This is totally cool. The Historic Charleston Foundation in South Carolina is restoring the Nathanial Russell House, a remarkable example of neoclassical architecture on the National Historic Register, and found a fragment what they list as 1868 Friends Intelligencer above the kitchen firebox.
More fascinating discoveries from the walls of the #russellhousekitchen – new artifacts were extracted from cavities above the kitchen firebox on the first floor! This latest batch of artifacts dates to the 1850’s and 1860’s, which I think we can agree is an interesting and… fractious time in Charleston’s history. The most intriguing scrap of paper recovered from the walls is pictured here: a page ripped from a Quaker periodical entitled “Friends’ Intelligencer,” published in Philadelphia in 1868.

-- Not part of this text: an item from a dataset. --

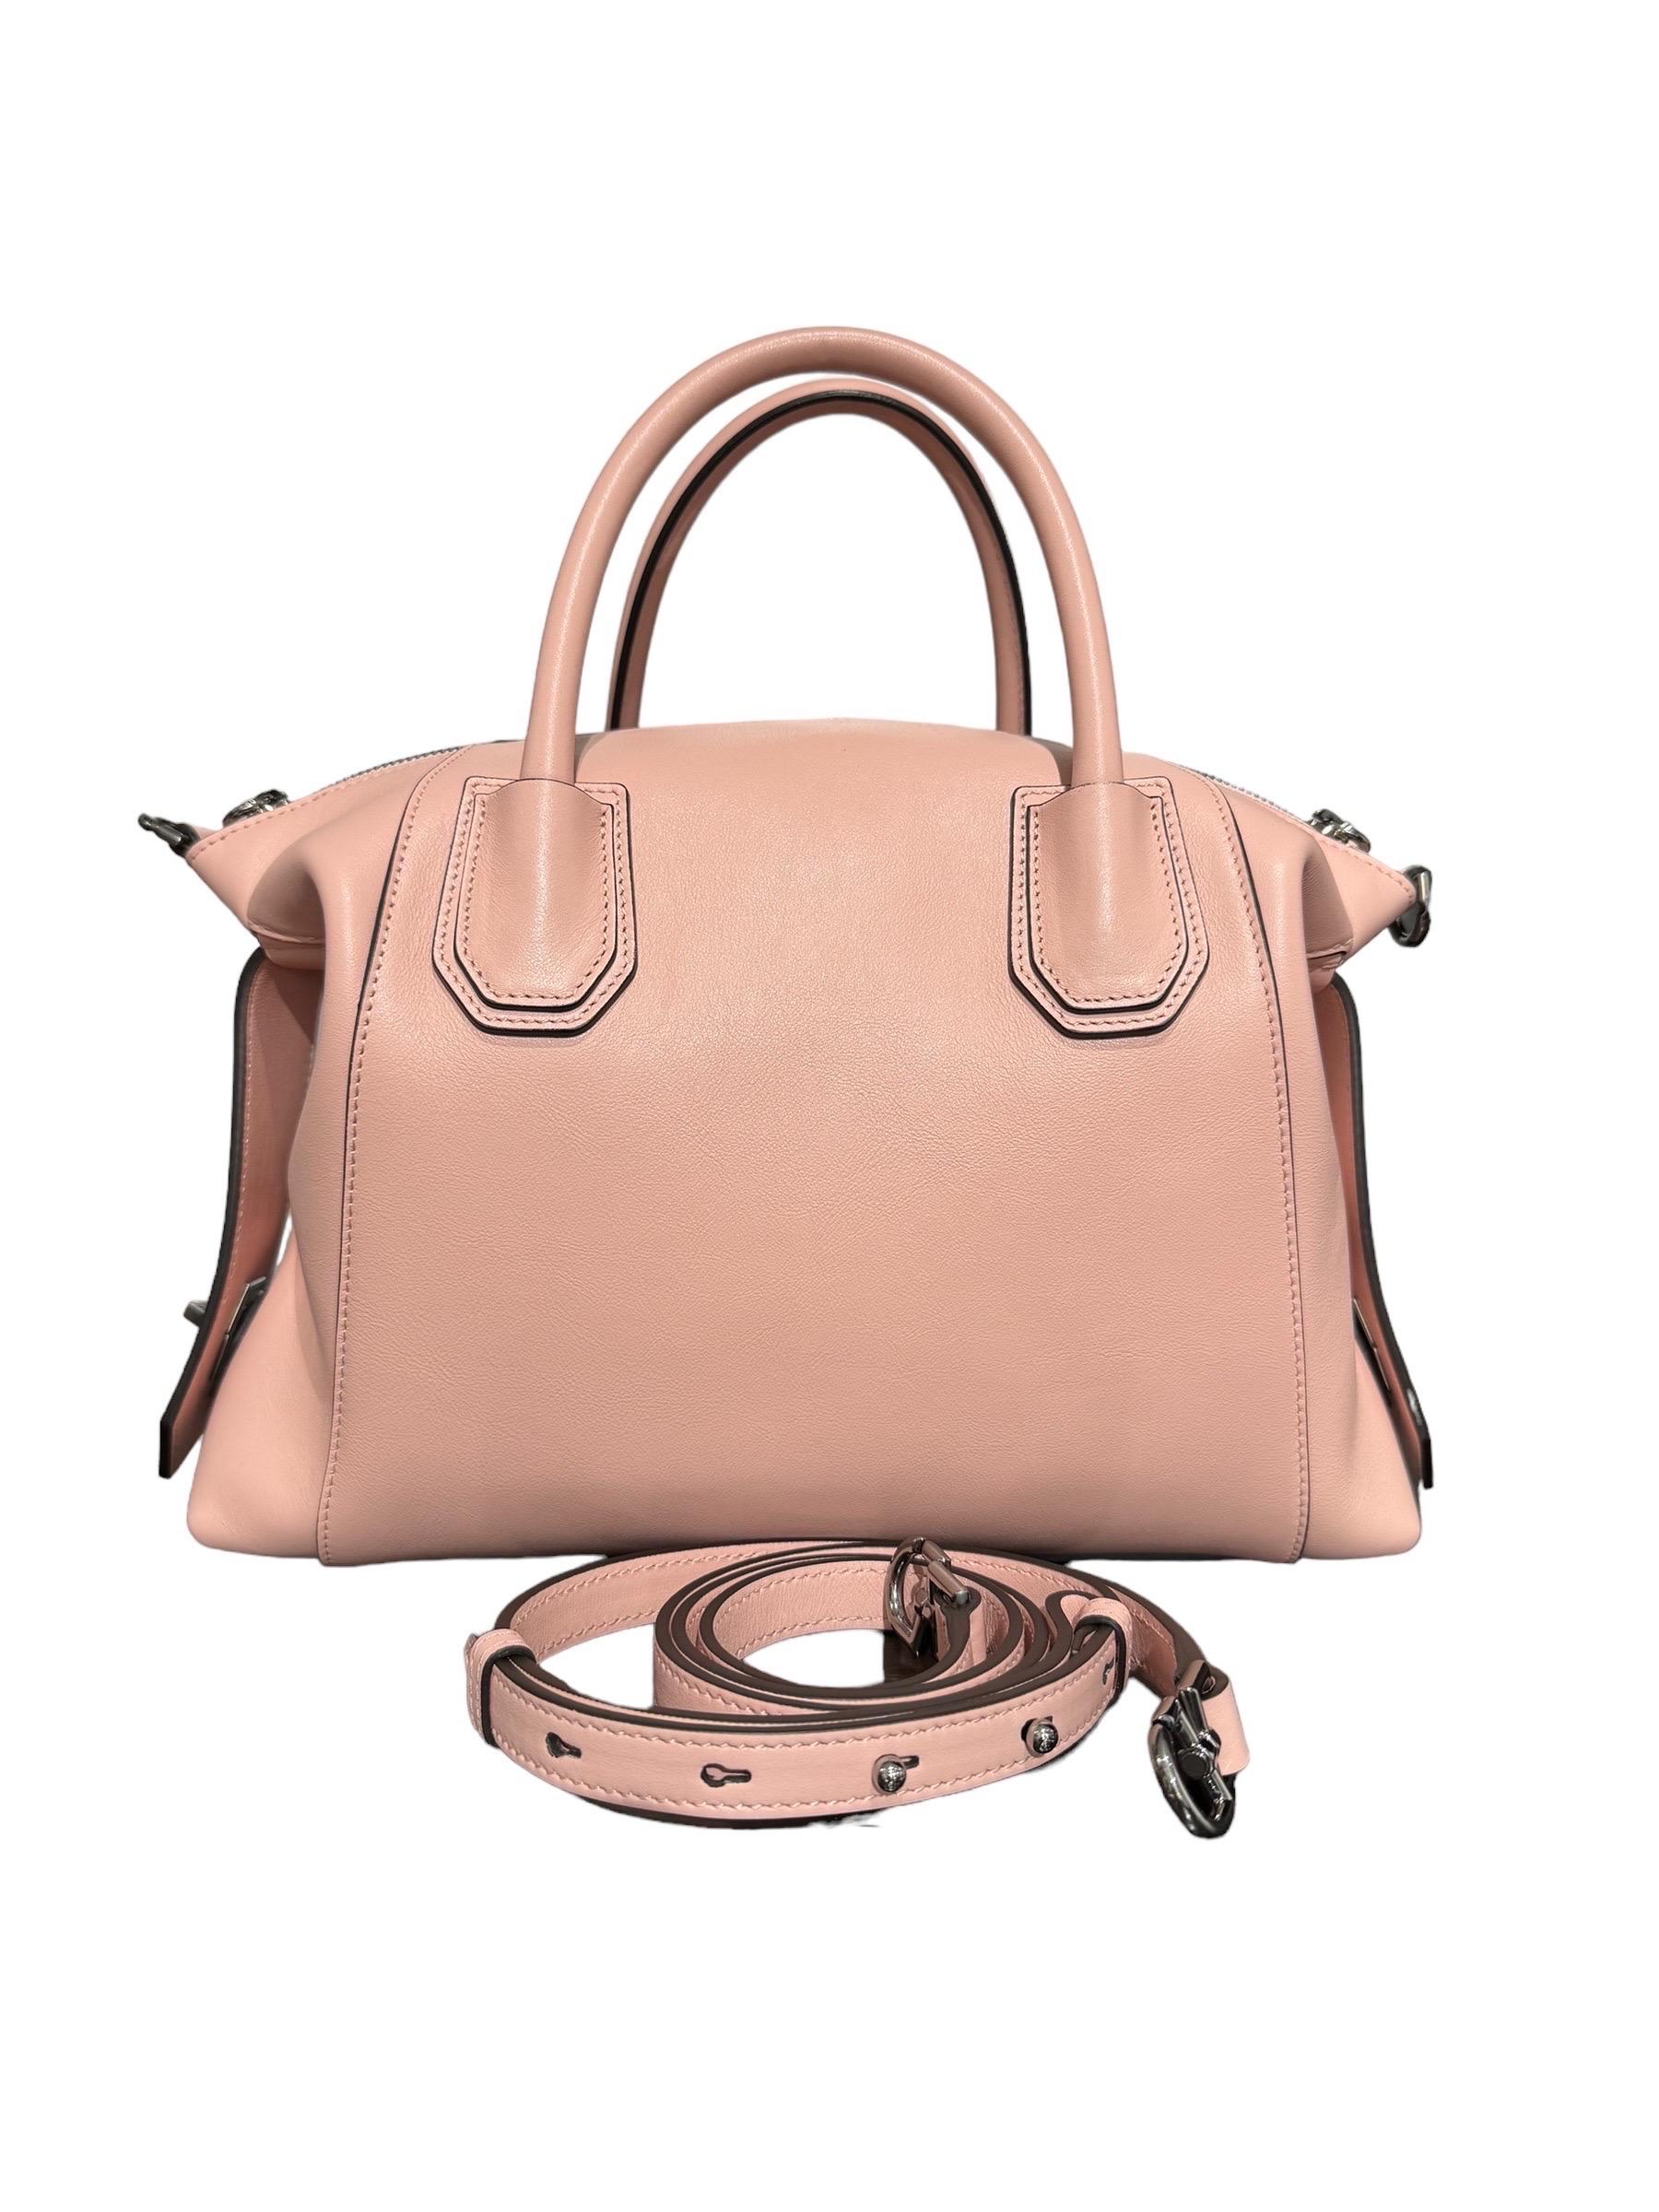 Borsa firmata Givenchy, modello Antigona Soft, nella misura PM, realizzata in pelle nella colorazione rosa e hardware argento. Presenta due manici e una tracolla regolabile e removibile. Sulla parte frontale presenta il logo del brand a rilievo.

Who were the Friends in Charleston in the years right after the Civil War? Was the Intelligencer hidden or just recycled to plug up a draft? I wonder if this could be related to Quaker relief work in South Carolina. The most well-known example was the Penn School on St Helena Island, founded by northern Unitarians and Quakers in 1862 to educate freed Gullah after the slaveowners fled Union troops.

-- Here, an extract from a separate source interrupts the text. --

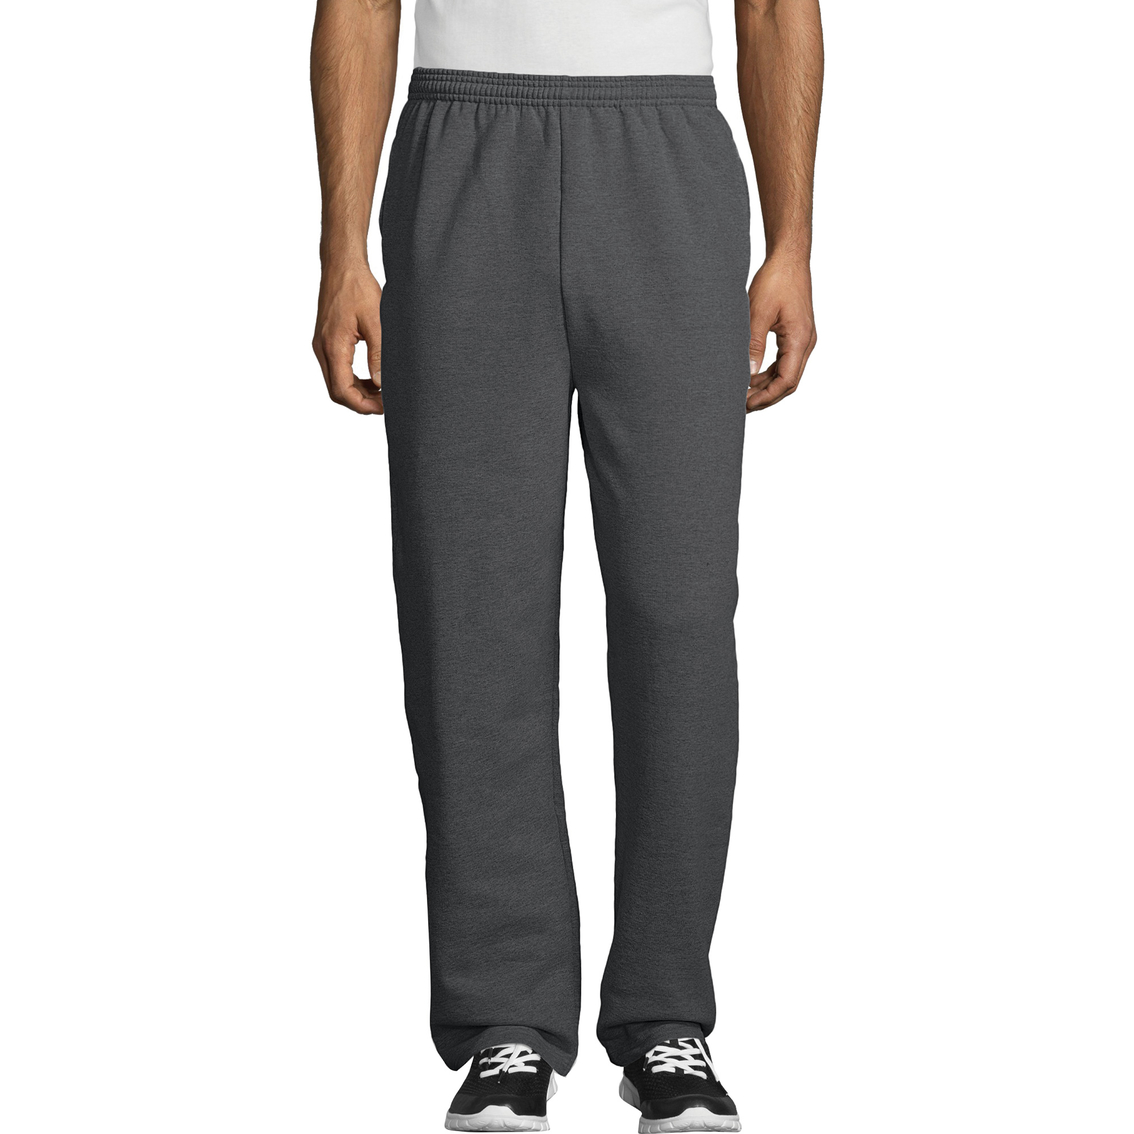 Hanes Ecosmart Fleece Sweatpants With Pocket | Pants | Clothing ...

Curious about the fragment, I typed a few of its legible words into Google and sure enough, they’ve scanned that volume of the Intelligencer (hattip to my FJ colleague Gail, who found this link). It shows a date of Fourth Month 20, 1868, though curiously FI also republished it in 1874, which I first found. The poem is credited to Bessie Charles, the English poet also credited as Elizabeth Bundle Charles; it seems to have been published in various collections around that time. The Intelligencer continues today of course.